Stable isotopes in the diagnosis and treatment of inherited hyperammonemia

Abstract

Stable isotopes have greatly contributed to our understanding of nitrogen metabolism and the urea cycle. The measurement of urea flux via isotopic methods has traditionally been utilized to determine total body protein synthesis in subjects with an intact urea cycle. However, isotopic studies of nitrogen metabolism are also a useful adjunct to conventional clinical investigations in the diagnosis and management of the inherited hyperammonemias. Such studies offer a safe non-invasive method of measuring the reduction of in vivo hepatic ureagenesis, and thus may provide a more accurate measure of phenotypic severity in affected patients. In addition, isotopic methods are ideally suited to evaluate the efficacy of novel therapies to augment urea production.
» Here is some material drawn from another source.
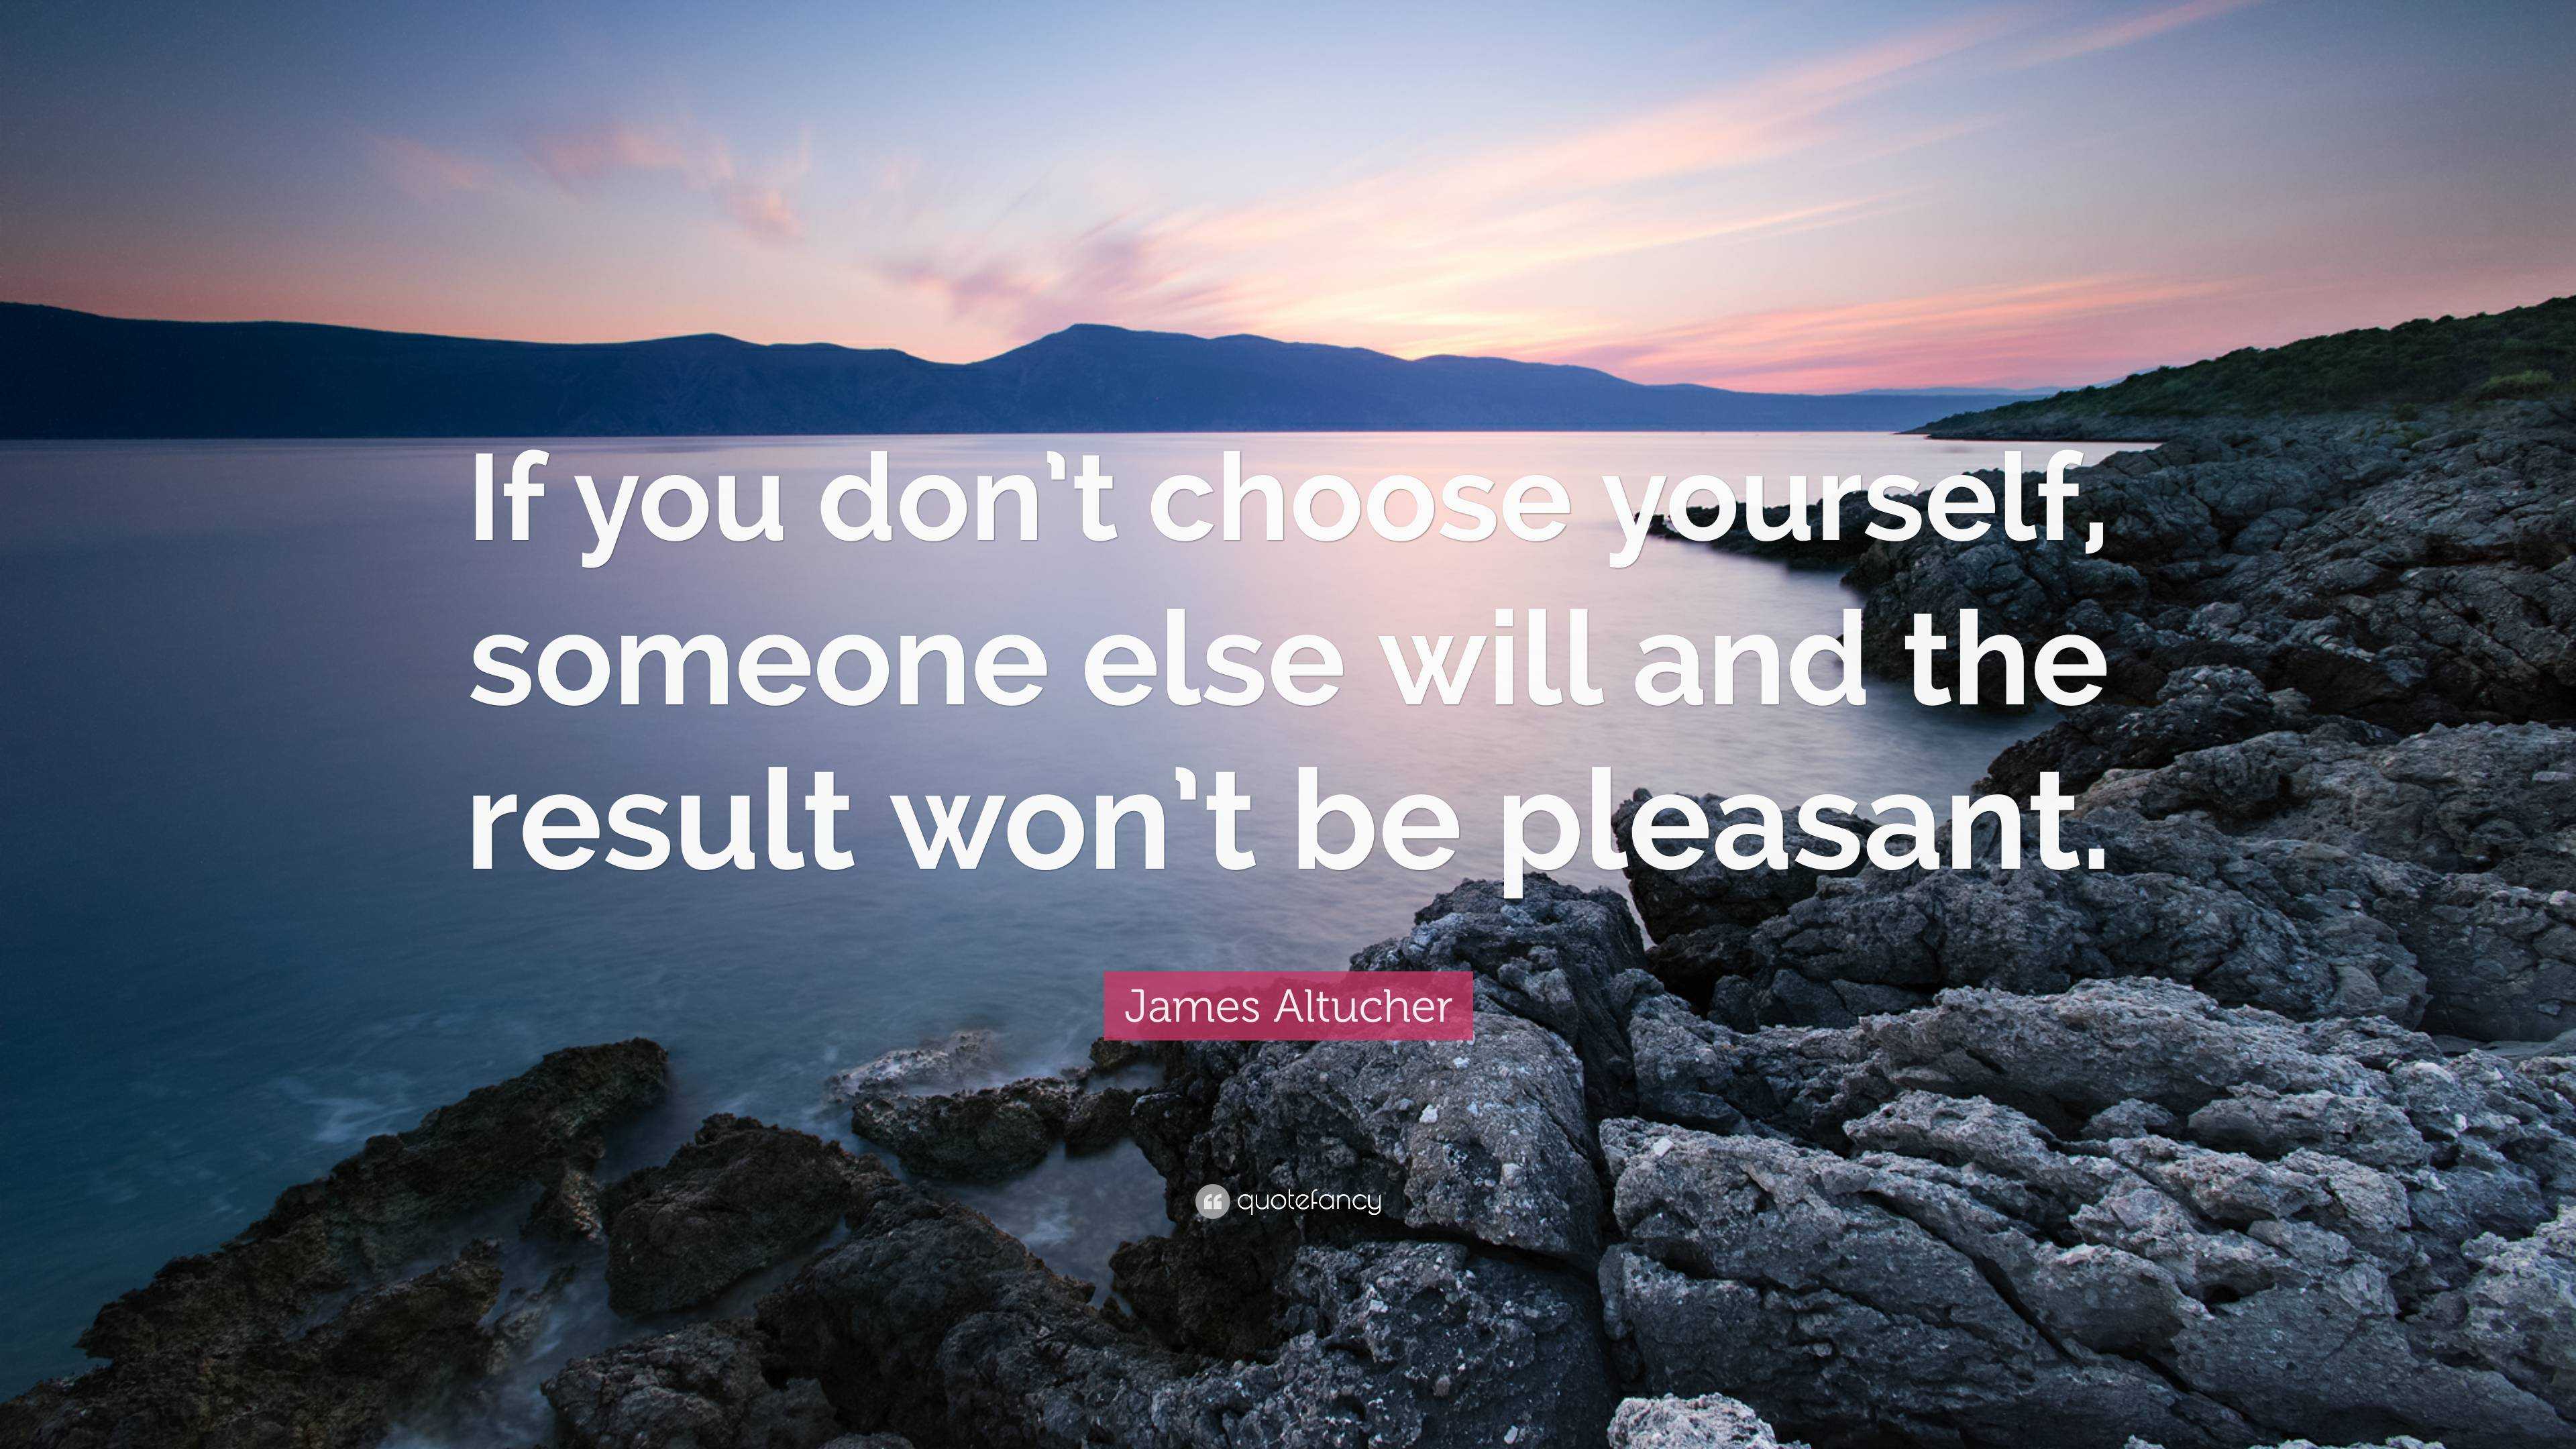 James Altucher Quote: “If you don't choose yourself, someone else will and  the result won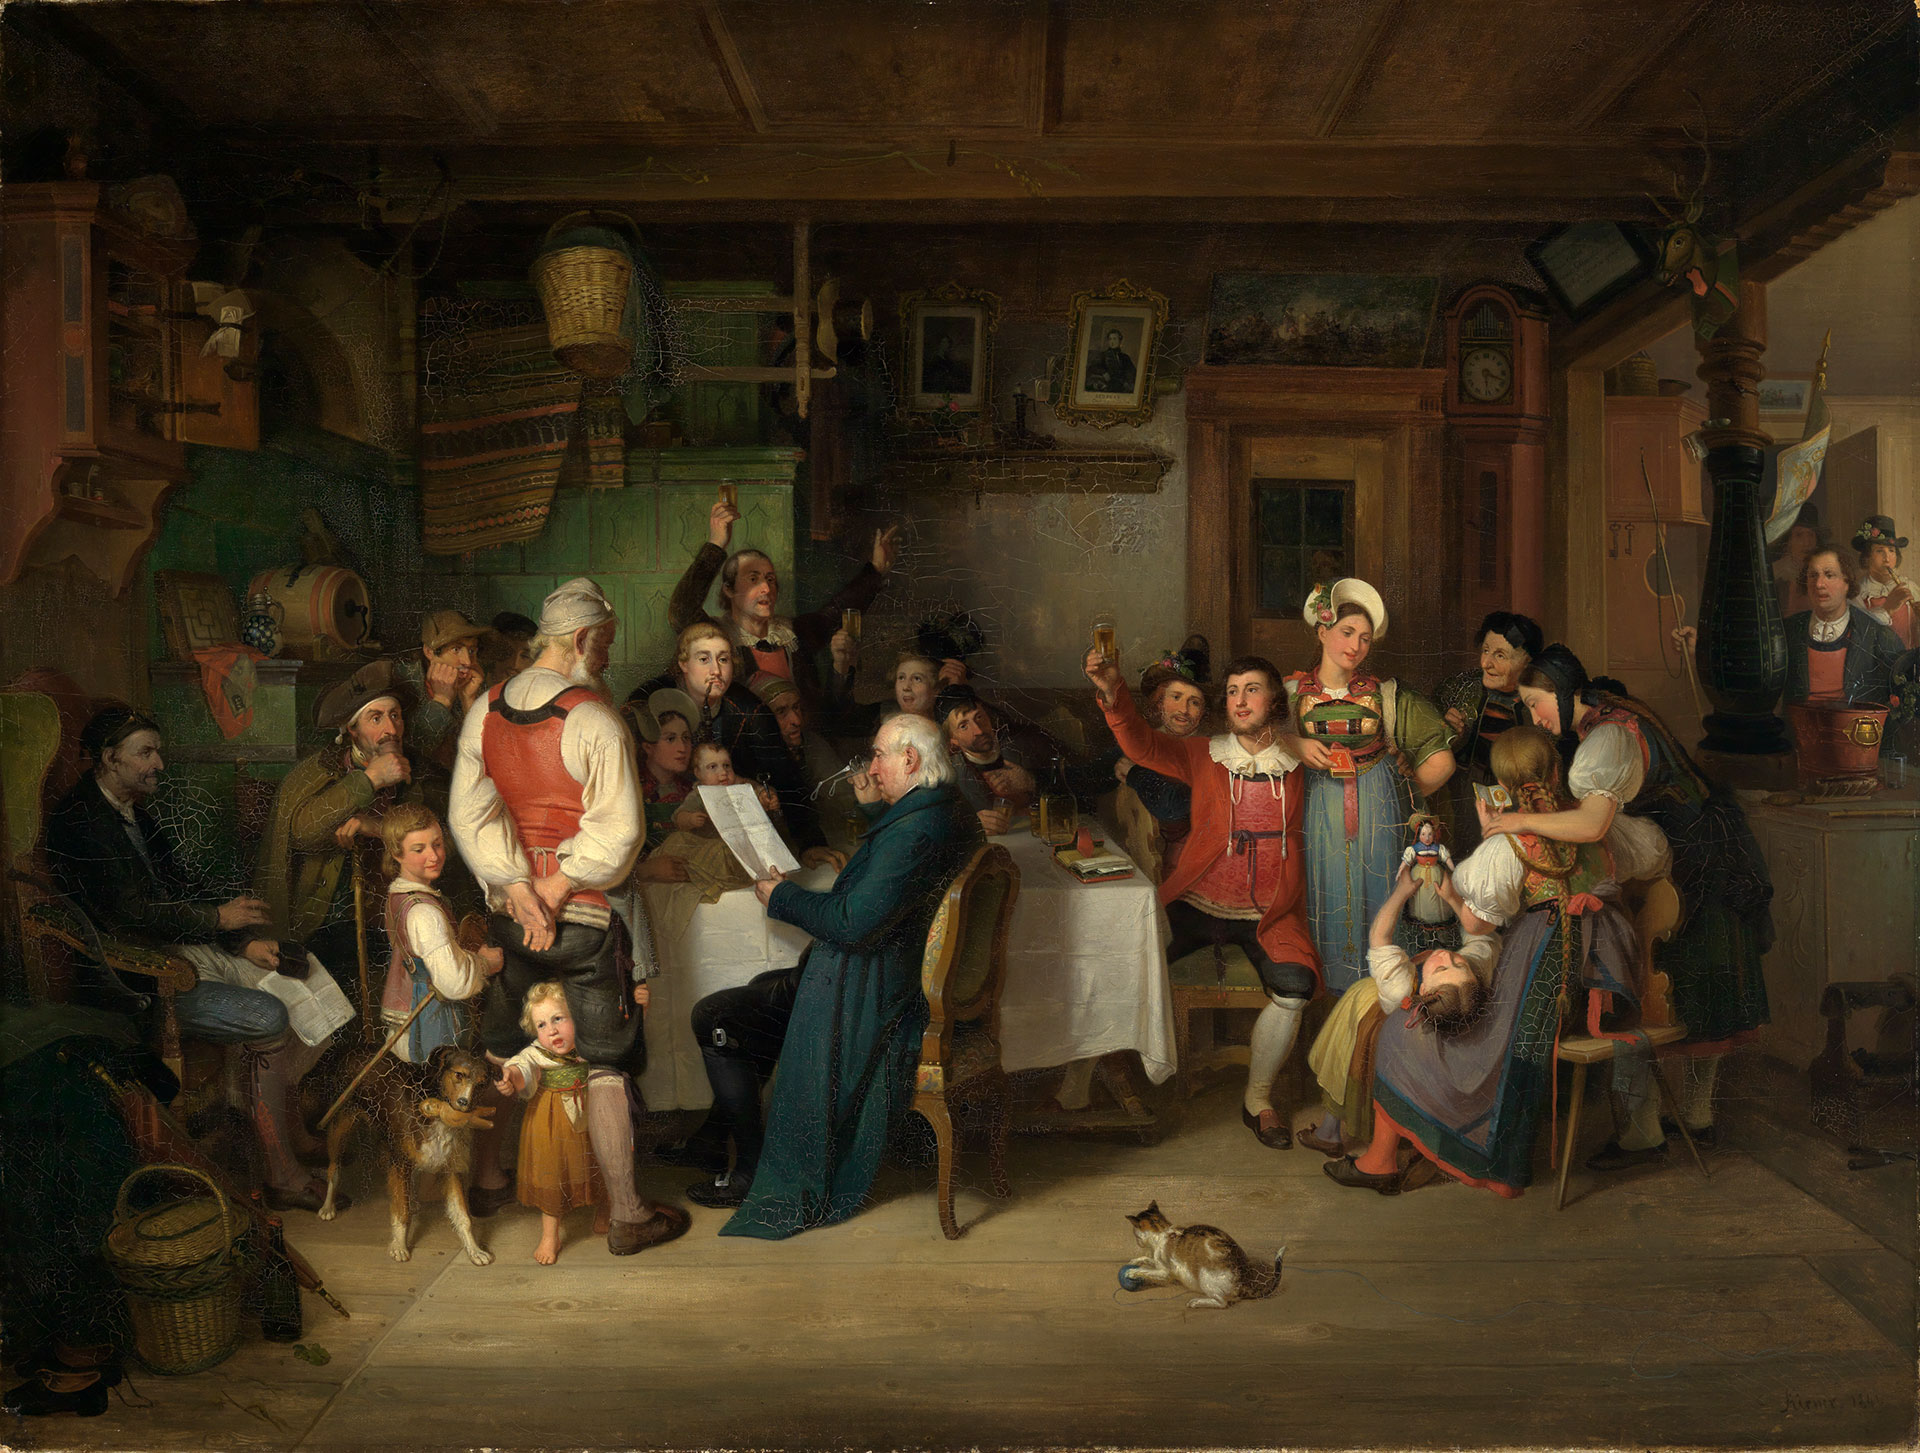 Illustration of the work "The award ceremony of the agricultural association in a Hotzenwald farmhouse" by Johann Baptist Kirner, created in 1841. You can see a farmhouse with a group of people gathered around a table. The work of art is located in the Staatliche Kunsthalle Karlsruhe.

Keywords: Stable isotopes; mass spectrometry; urea cycle disorders; ureagenesis.

Figure 1

Isotopic enrichment in plasma ¹³CO₂ (A), and plasma concentrations of [¹³C] urea (B) in 7 patients with propionic acidemia who were administered 27.5 mg/kg of [¹³C] sodium acetate before and after 3d NCG therapy.

Figure 2

Increase over time in isotopic enrichment of [¹³C]urea (A) and plasma concentration of [¹³C]urea (B) in a patient with a suspected proximal urea-cycle disorder, who was administered 27.5 mg/kg of [1-¹³C]sodium acetate before and after a 3d trial of NCG. Molecular and enzymatic testing had failed to reveal a diagnosis. However, the marked augmentation in urea production following an NCG trial shown here prompted a search in the non-coding regions of the NAGS gene, and culminated in the identification of a mutation in the NAGS enhancer [38].